Parajuli Sandesh, Zhong Weixiong, Pantha Monika, Sokup Megan, Aziz Fahad, Garg Neetika, Mohamed Maha, Mandelbrot Didier
Division of Nephrology, Department of Medicine, University of Wisconsin School of Medicine and Public Health, Madison, WI.
Department of Pathology and Laboratory Medicine, University of Wisconsin School of Medicine and Public Health, Madison, WI.
Transplant Direct. 2023 May 24;9(6):e1489. doi: 10.1097/TXD.0000000000001489. eCollection 2023 Jun.
Traditionally, antibody-mediated rejection (AMR) has been suspected mainly by a rise in serum creatinine (Scr) and confirmed by allograft biopsy. There is limited literature describing the trend of Scr after treatment, and how that trend might differ between patients with histological response and with no response to treatment.
We included all cases of AMR at our program between March 2016 and July 2020 who had a follow-up biopsy after the index biopsy, with initial diagnosis of AMR. We trended the Scr and change in Scr (delta Scr) and its association with being a responder (microvascular inflammation, MVI ≤1) or nonresponder (MVI >1), as well as graft failure.

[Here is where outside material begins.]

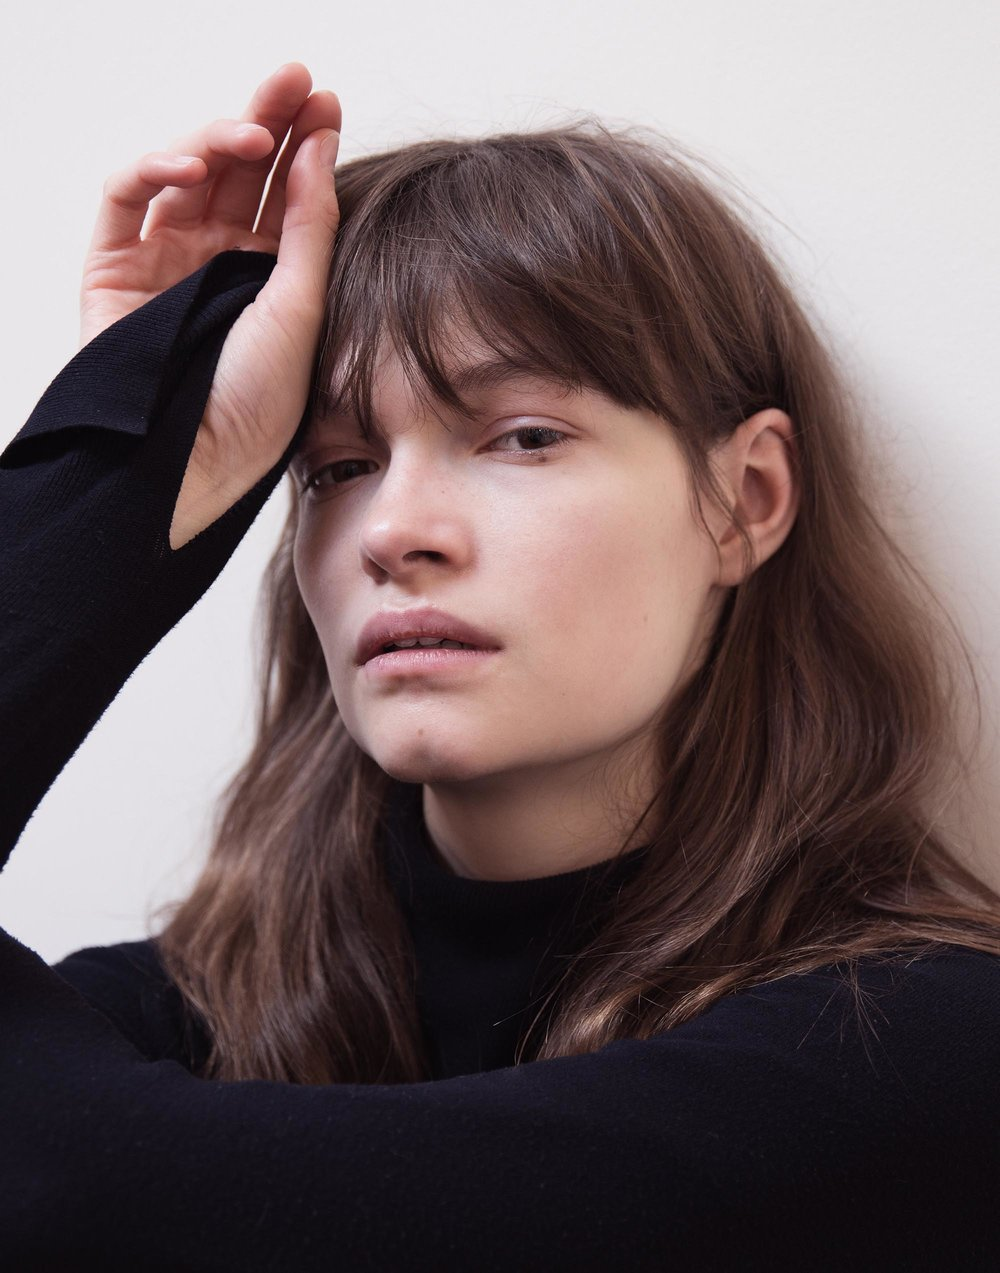 Photography  Gaia Bonanomi  Styling  Giorgia Toscani  Model  Noortje Van Hoek  Clothes  Davide Grillo
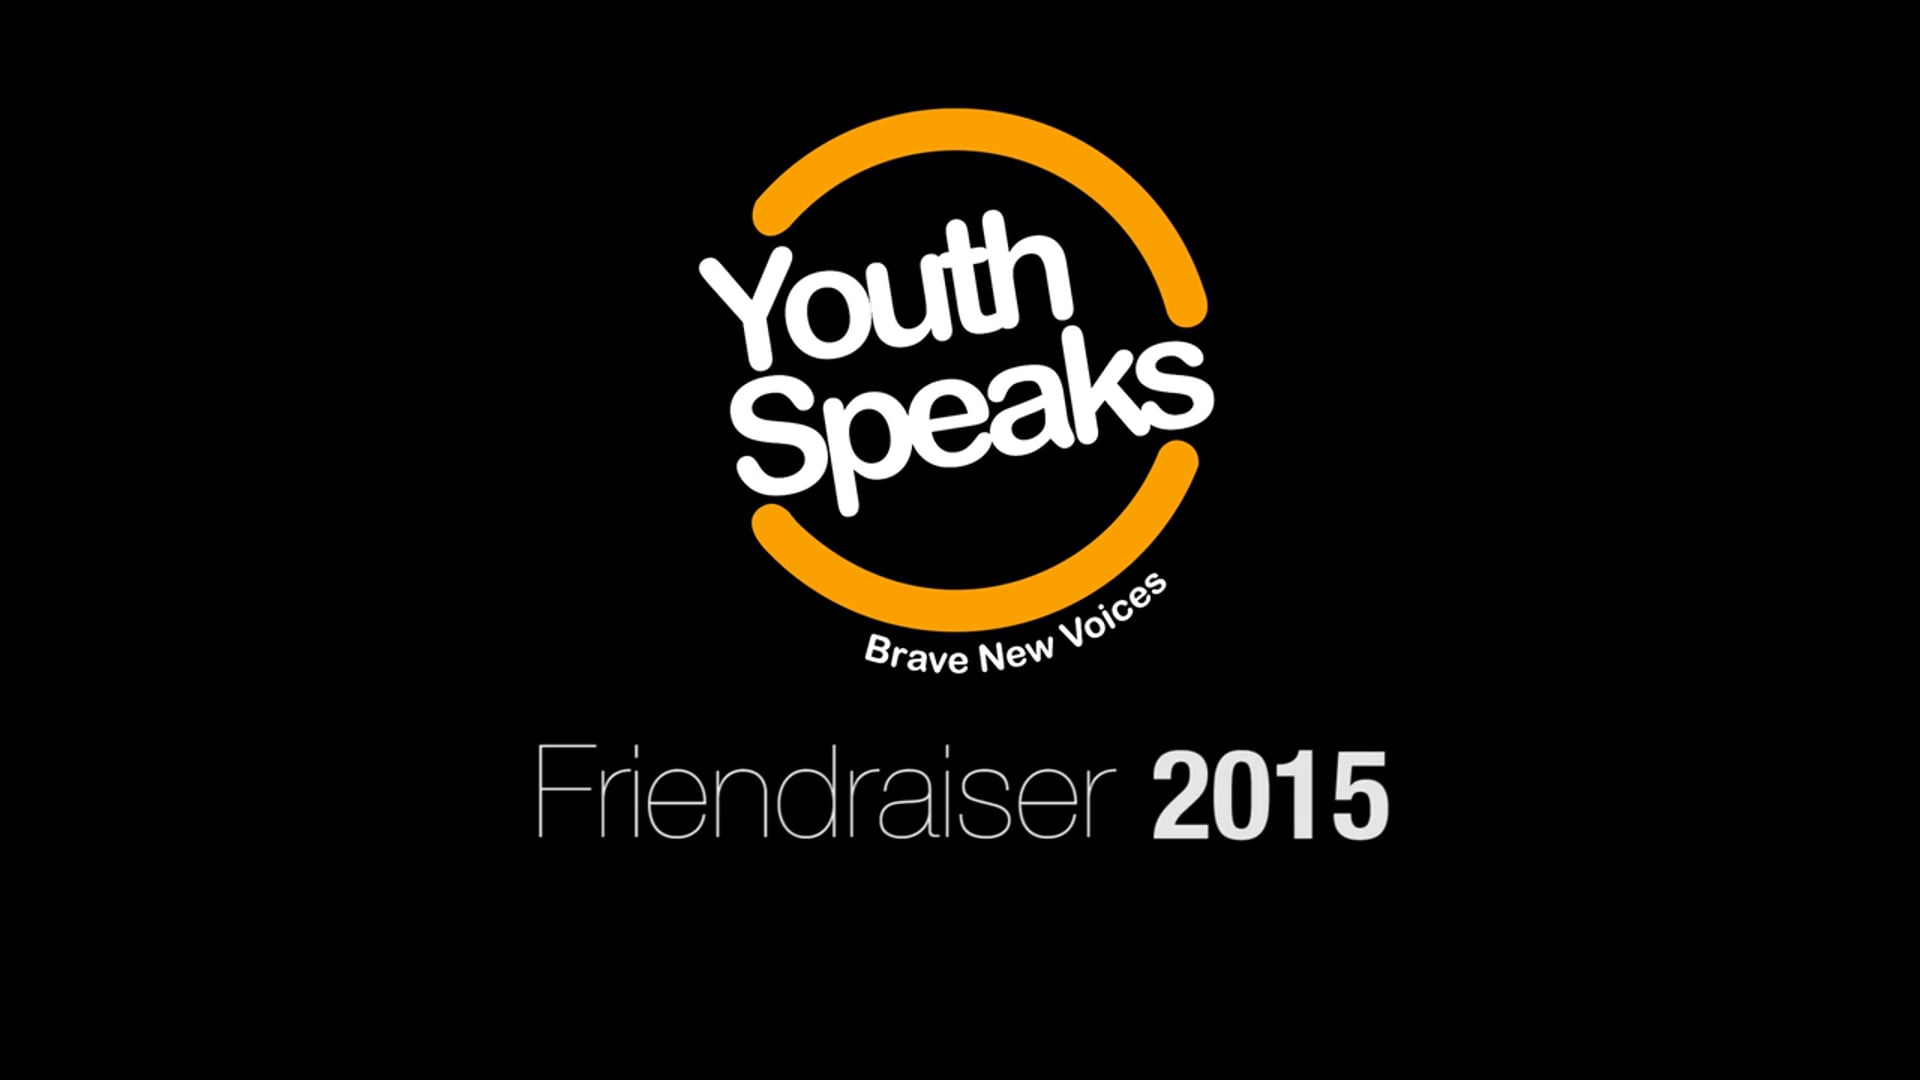 Youth Speaks Friendraiser 2015 Event

A total of 183 kidney transplant recipients were included, 66 in the responder group and 177 in the nonresponder group. The MVI scores and sum chronicity scores, along with transplant glomerulopathy scores, were higher in the nonresponder group. However, Scr at index biopsy was similar in responders (1.74 ± 0.70) versus nonresponders (1.83 ± 0.65; = 0.39), as were the delta Scr at various time points. After adjustment for multiple variables, delta Scr was not associated with being a nonresponder. Also, delta Scr value at follow-up biopsy compared with index biopsy among responders was 0 ± 0.67 ( = 0.99) and among nonresponders was -0.01 ± 0.61 ( = 0.89). Being a nonresponder was significantly associated with an increased risk of graft failure at the last follow-up in univariate analysis but was not in multivariate analysis (hazard ratio 1.35; 95% confidence interval, 0.58-3.17; = 0.49).
We found that Scr is not a good predictor of the resolution of MVI, supporting the utility of follow-up biopsies after treatment of AMR.
传统上,抗体介导的排斥反应(AMR)主要通过血清肌酐(Scr)升高来怀疑,并通过移植肾活检确诊。描述治疗后Scr趋势以及该趋势在组织学有反应和无反应患者之间可能存在何种差异的文献有限。
我们纳入了2016年3月至2020年7月期间我们项目中所有AMR病例,这些病例在首次活检后进行了随访活检,初始诊断为AMR。我们分析了Scr及其变化(Scr变化量,delta Scr)的趋势,以及它们与有反应者(微血管炎症,MVI≤1)或无反应者(MVI>1)的关联,还有移植肾失功情况。
总共纳入了183例肾移植受者,有反应者组66例,无反应者组177例。无反应者组的MVI评分、慢性病变总分以及移植性肾小球病评分更高。然而,首次活检时反应者的Scr(1.74±0.70)与无反应者(1.83±0.65;P = 0.39)相似,各时间点的Scr变化量也是如此。在对多个变量进行调整后,Scr变化量与无反应者无关。此外,反应者中随访活检时与首次活检相比的Scr变化量值为0±0.67(P = 0.99),无反应者中为 -0.01±0.61(P = 0.89)。在单因素分析中,无反应者与最后随访时移植肾失功风险增加显著相关,但在多因素分析中并非如此(风险比1.35;95%置信区间,0.58 - 3.17;P = 0.49)。
我们发现Scr不是MVI缓解的良好预测指标,这支持了AMR治疗后进行随访活检的实用性。